▶ [WORK REQUEST]
In this exercise, the entries below include pictures. Repeat exactly the lines from the line with "Arrabi Blue Floral" to the line with "Chiara Ferragni Logomania", including both, but without the pictures.

▶ [STUDY MATERIAL]
----------------------------------------
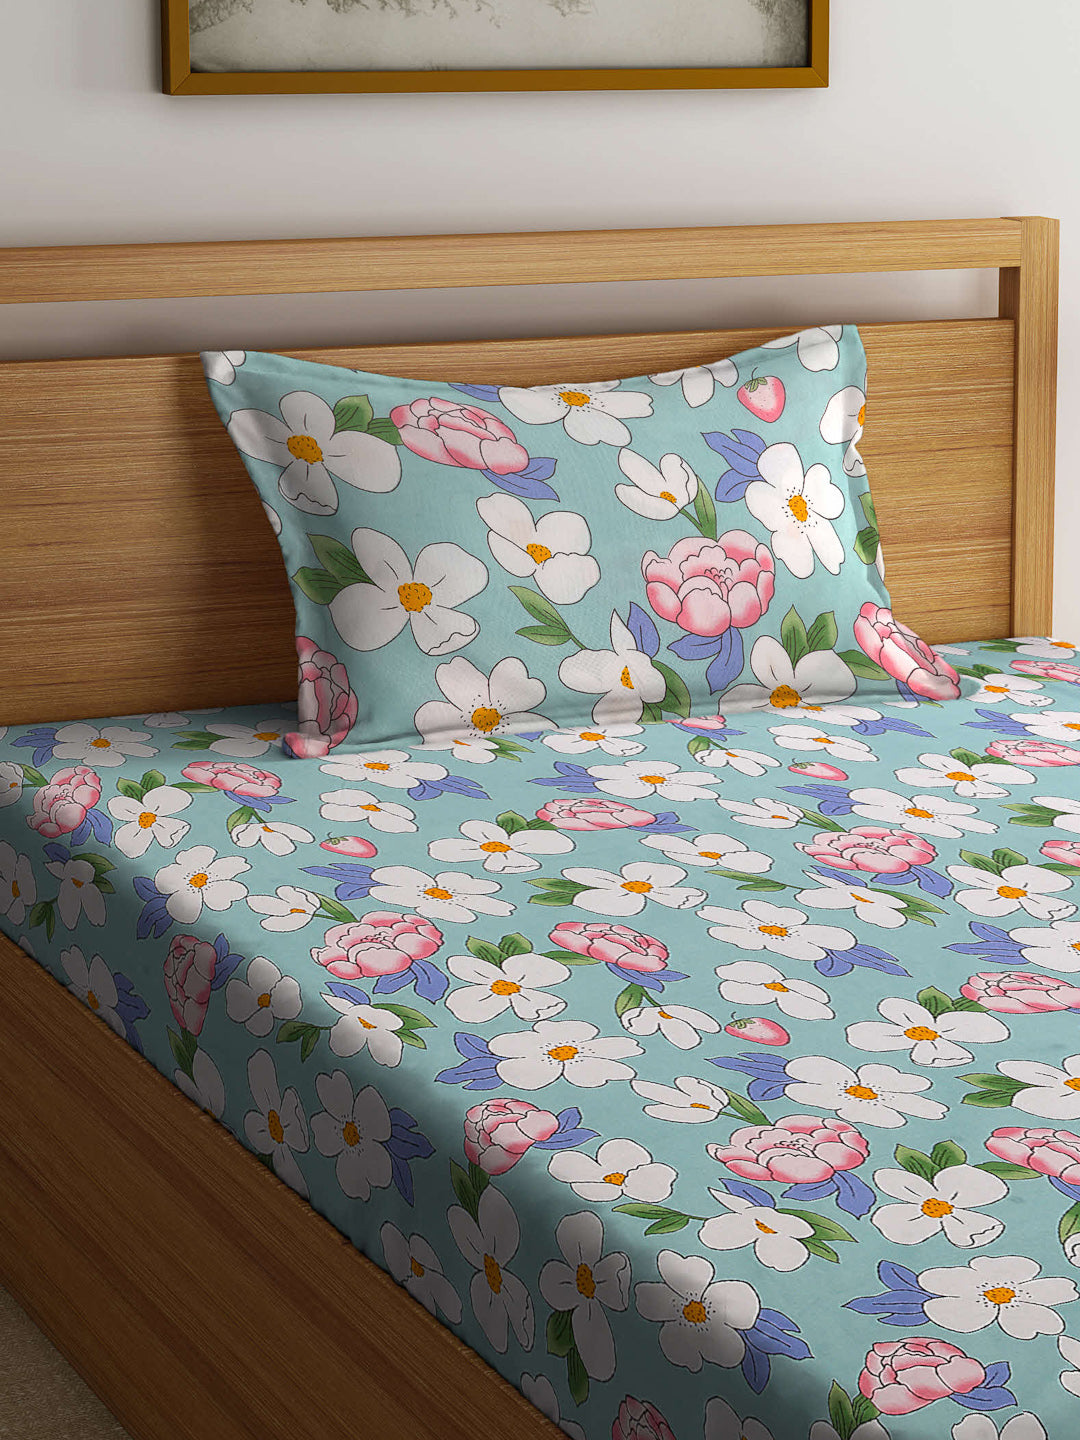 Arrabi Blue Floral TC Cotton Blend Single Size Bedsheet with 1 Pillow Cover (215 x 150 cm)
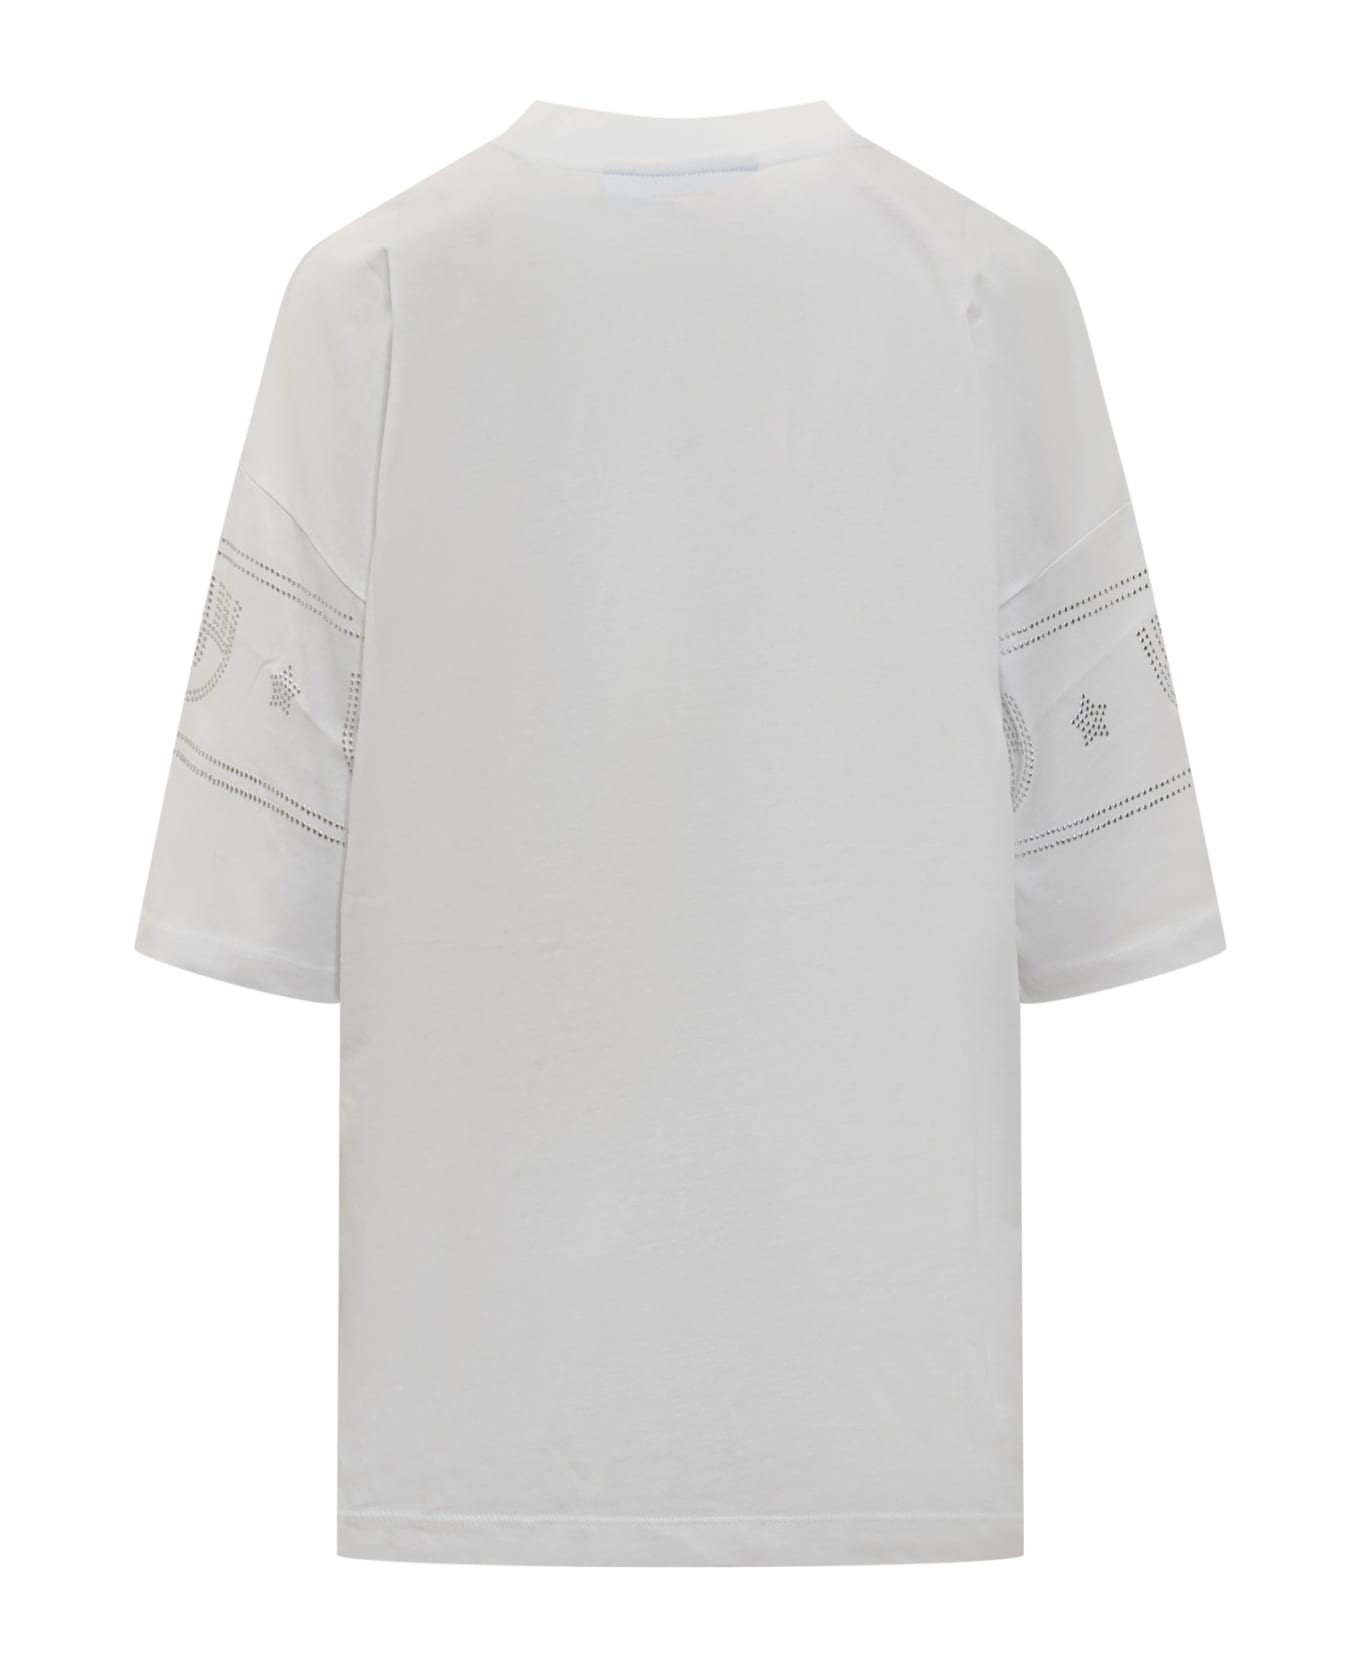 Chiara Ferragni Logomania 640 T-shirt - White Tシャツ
----------------------------------------
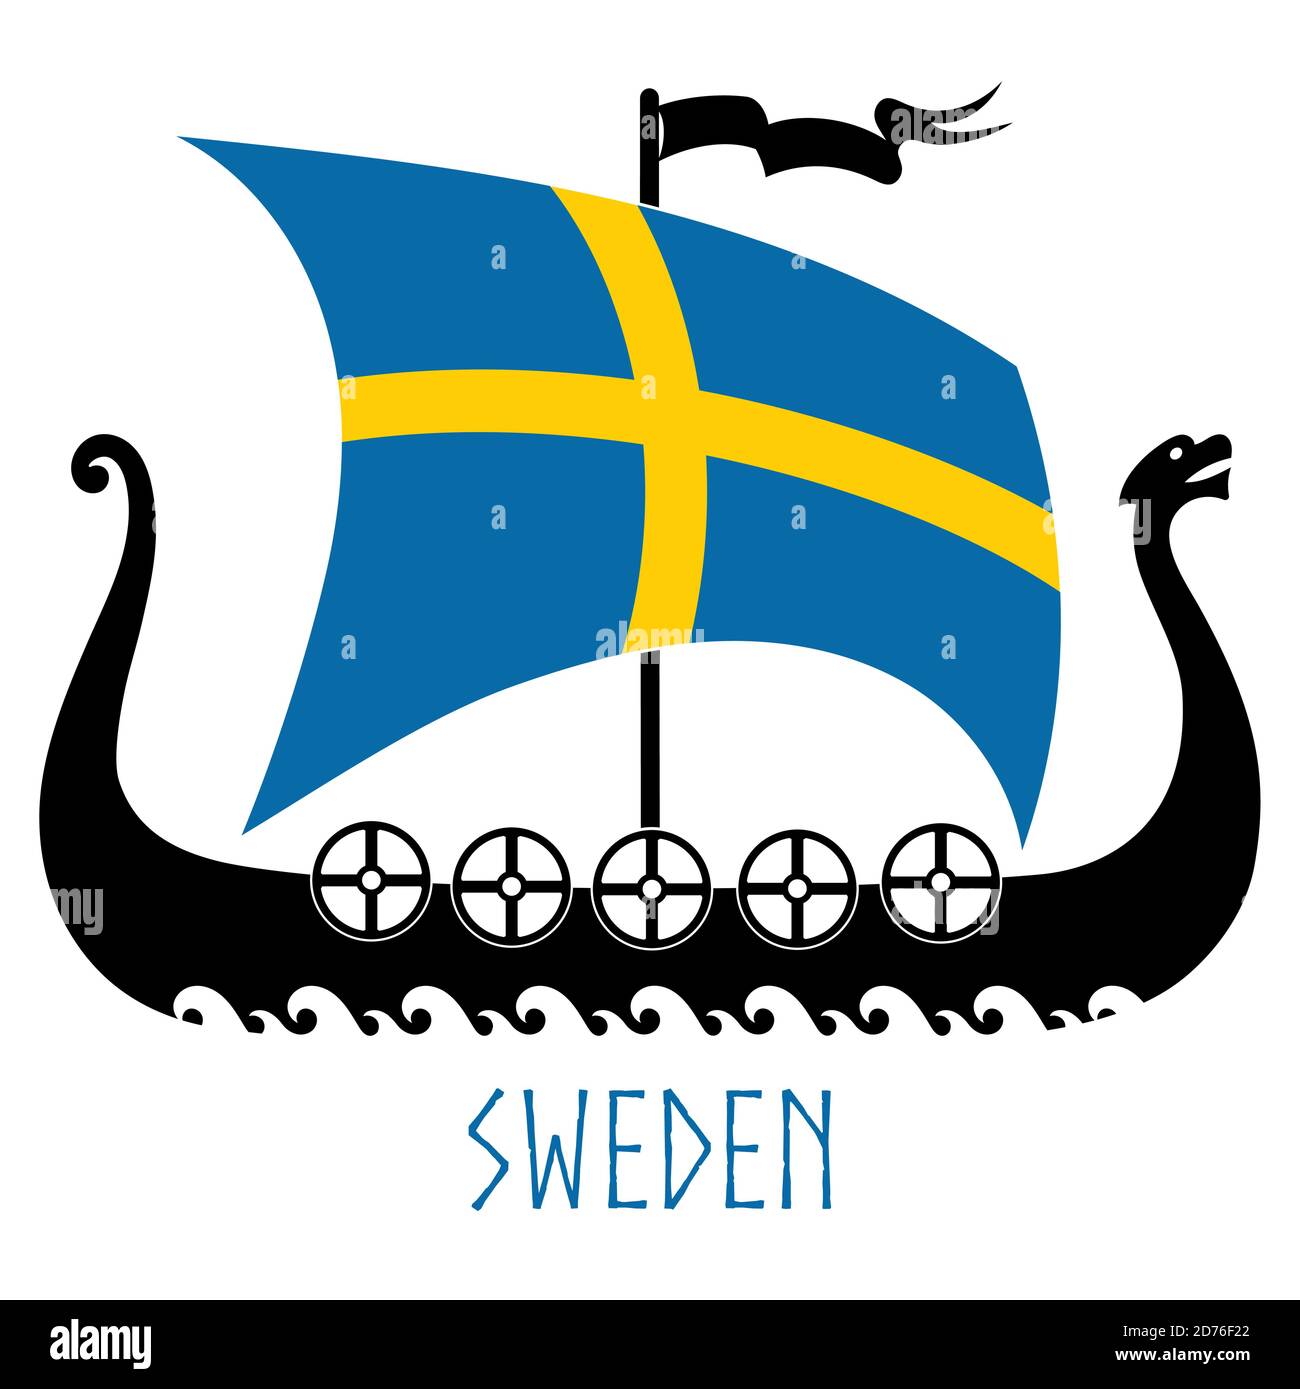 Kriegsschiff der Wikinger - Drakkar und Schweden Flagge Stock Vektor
----------------------------------------
▶ [ANSWER SECTION]
 Arrabi Blue Floral TC Cotton Blend Single Size Bedsheet with 1 Pillow Cover (215 x 150 cm)
 Chiara Ferragni Logomania 640 T-shirt - White Tシャツ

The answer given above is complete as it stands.